Max will receive his yet-to-be-made Coat and Badge at a Grand Dinner at Fishmongers’ Hall in November but on going ashore at Cadogan Pier there was an informal victory ceremony. Here Max told Robert Treharne Jones:
Ken Dwan and Max Carter-Miller.I knew that I had to go off hard and then settle. I stuck to the race plan and tried to look where I was going this time… (In June’s race) my steering was described as “erratic”… it could still use a little bit of work but it was a lot better this time… The 2020 Doggett’s was my first ever race… (but in preparation for this year’s race) I raced at Molesey and Peterborough… Having that little bit of race experience was valuable… Having someone next to you, you panic (but) after you’ve raced a couple of times, you learn to settle yourself… Maybe in four year’s time, I’ll do the Diamonds at Henley, but there’s a lot of hard work to do first…

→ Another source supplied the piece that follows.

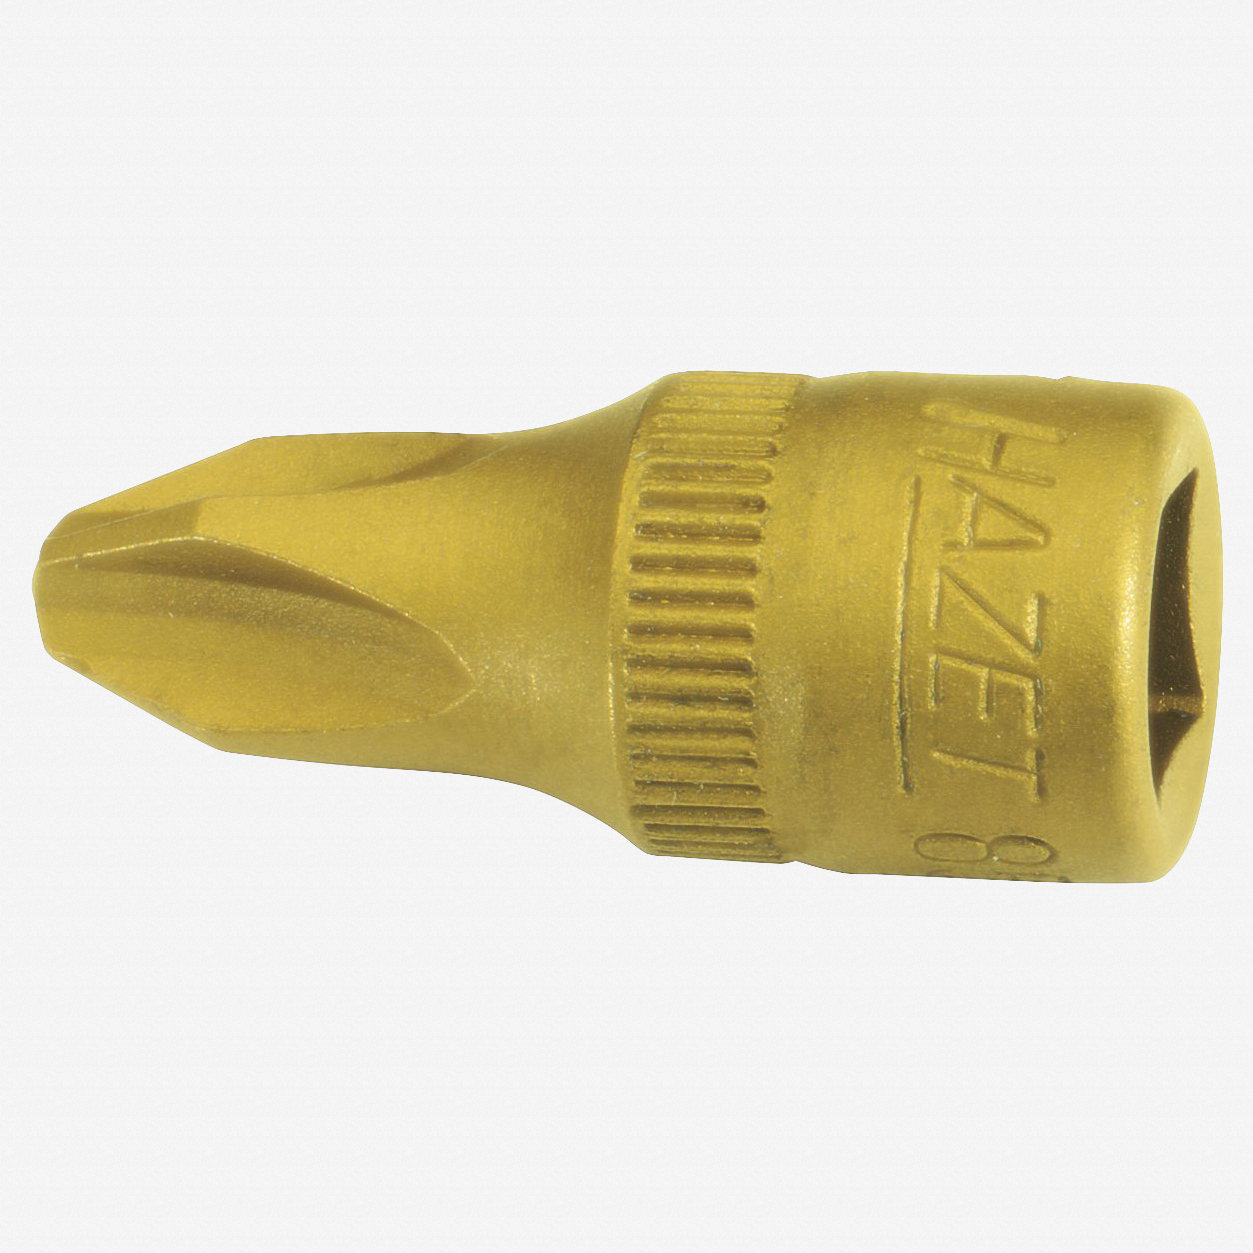 "Hazet 8506-PH3 PH #3 Phillips TiN 1/4"" Socket - KC Tool"
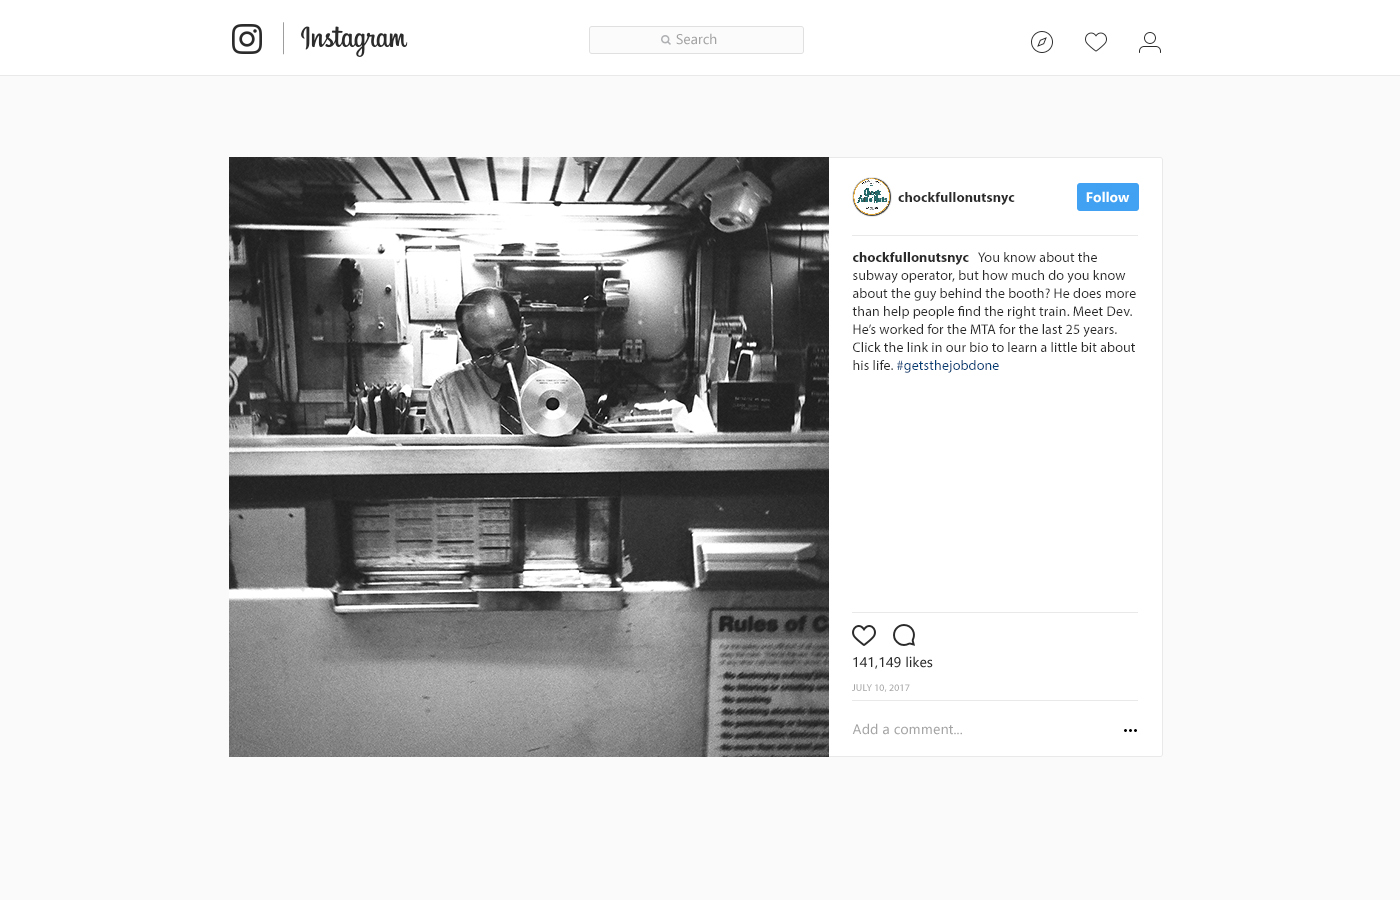 subway operator chock full o nuts instagram-VIDEO post-2017-win (1).jpg

As to the other three competitors, Coran Cherry will be too old under Doggett’s rules to race next year, but Lucas Britton and George Gilbert have both said that they will be back, the latter benefiting from a new rule change allowing four, not three, consecutive attempts. Hopefully, Britton will train harder for 2022, perhaps learning a lesson from Gilbert’s progress.
In his first race in 2019, George Gilbert “froze” on the start and was immediately passed by the umpire, understandably fazed by the conditions which were described as “brutal”. In the next Doggett’s (June 2021), Gilbert finished the course and came third out of four, defeated by two very strong opponents. In this, his third attempt, he was much better prepared, and put up a very creditable performance. He was perhaps two-and-a-half minutes behind Carter-Miller at the finish, but this does not truly reflect his form as he was passed and washed down by the umpire and the following flotilla in the last 1000 metres. George told me about his future plans:
I’m going to train my bollocks off… I only (raced in June) because COVID stopped me going travelling… I was at Popular (Blackwall and District Rowing Club) at 5am every morning with Max. No matter what the tide was, we went out and I’m going to do it all again for another year. Obviously, I’m upset that I got second but I’m happy with the course that I did, I know it well, I work in that stretch all the time, I know where to be… I went inside at Coin Street and I always stuck to the shores, keeping in the tide but making the shortest line possible… “cut the bends, stay with the tide”, that was the plan!
If George Gilbert does win next year, it will be a great story and one in the best traditions of the unique event that is the Doggett’s Coat and Badge Wager.

The race was live streamed with commentary by Robert Treharne Jones and then made available on demand. In the 24-hours following the race, there were over 1000 views made on YouTube.